Likewise with the blessing of those who mourn. Each and every one of us mourns. We suffer. We lose loved ones. We grieve and sorrow and mourn. But too often in our own culture, in particular, we do not wish to acknowledge our own brokenness and suffering for fear of being perceived as weak. Jesus extends the blessings of God, here, to every one of us, and thus creates space for our own truth telling about our own common human condition.
What might happen if the church became a site for such truth telling? Is the Spirit calling us to this?
Of course, if we are to become such a place – a site for truth telling, a place of honest confession – then persecution will follow. After all, those who have truly followed Jesus in every time and culture have found the way difficult, the gate narrow, for Jesus spoke a truth that the world has never wanted to hear much less acknowledge.
“The Spirit of the Lord is upon me because God has anointed me to bring good news to the poor. God has sent me to proclaim release to the captives. God has sent me to proclaim recovery of sight to the blind. God has send be to set the oppressed free and to proclaim the year of jubilee.”
When Jesus announced that mission in his first public sermon in his hometown of Nazareth, the crowd responded by trying to throw him off a cliff.
But the truth is, the poor desperately need good news. The world desperately needs to be set right. Those captive to a culture of bigotry, violence, homophobia need to be set free.
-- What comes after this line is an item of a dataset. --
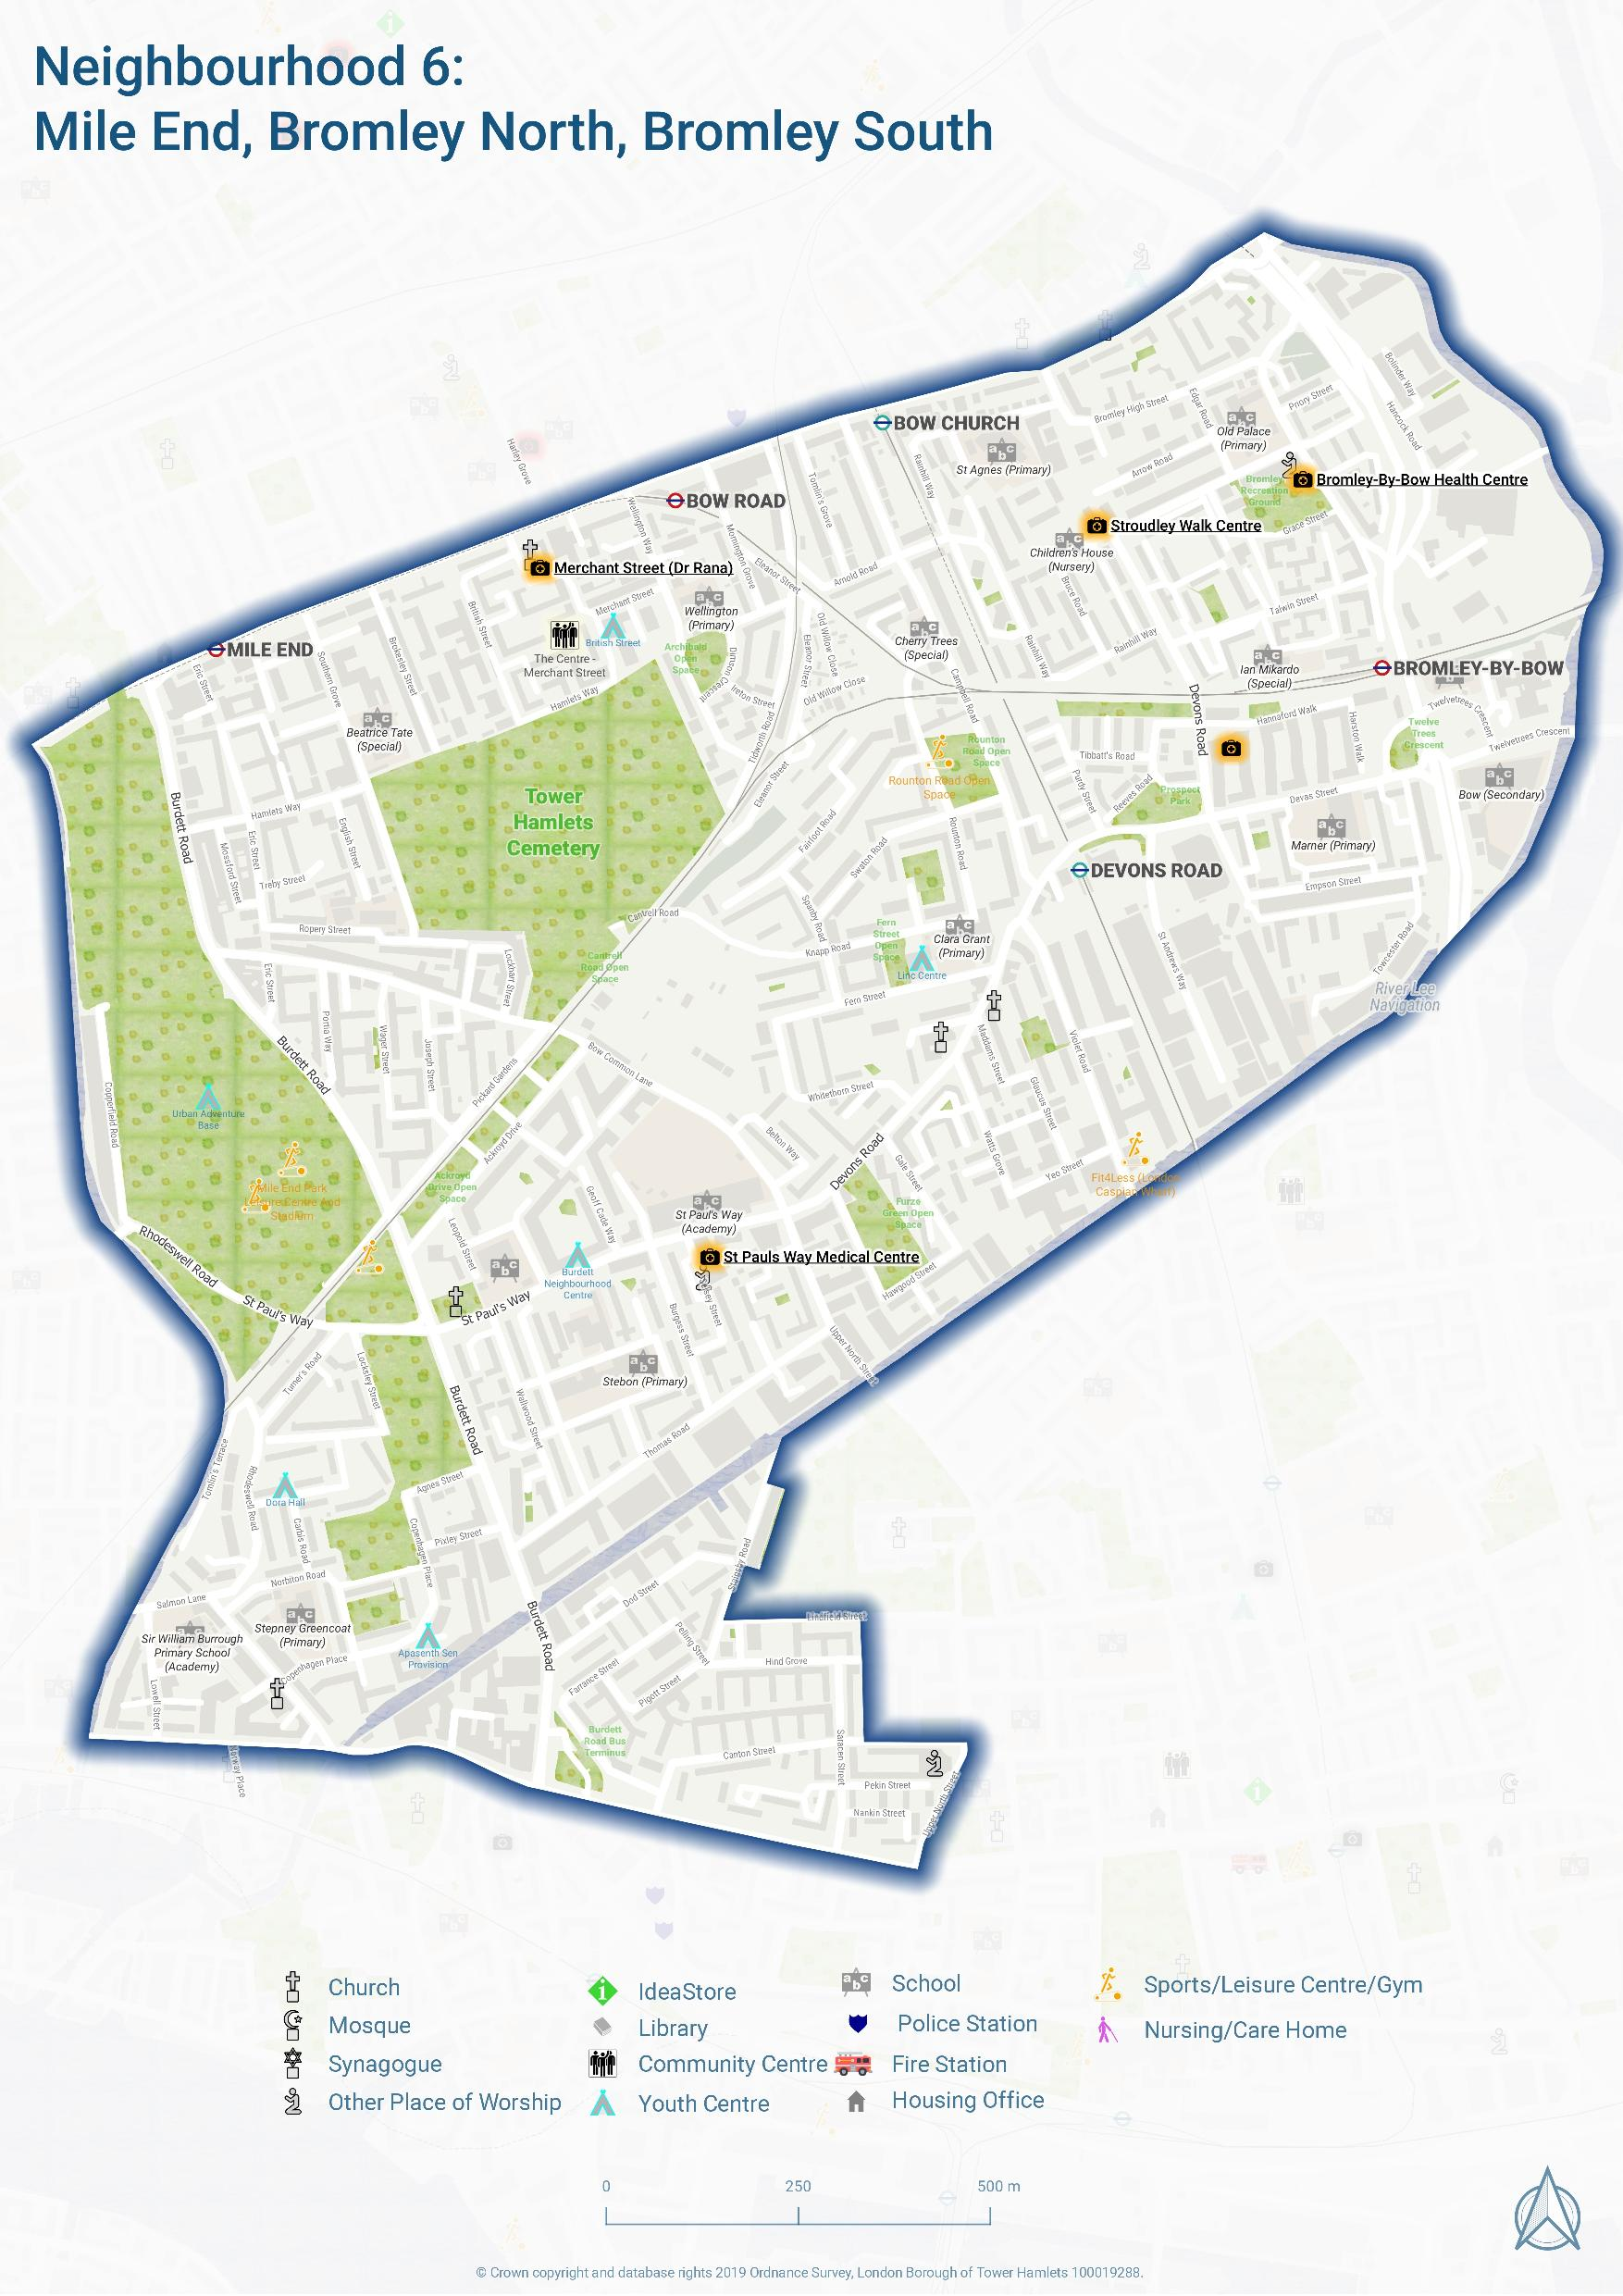 Mile End, Bromley N, Bromley S

We are the ones called, at this moment, in this place, to speak that truth to the world no matter what it costs us.
For on this day of Pentecost, we are richly blessed and the Spirit of the Lord is upon us. Let us walk in the light of that Spirit and go boldly into God’s world to feed the hungry, bless the poor, speak the truth, resist all violence for in so doing we lay claim to the truth – the living embodied truth – of the kingdom of God among us. May it be so, and may we be call blessed spirits. Amen.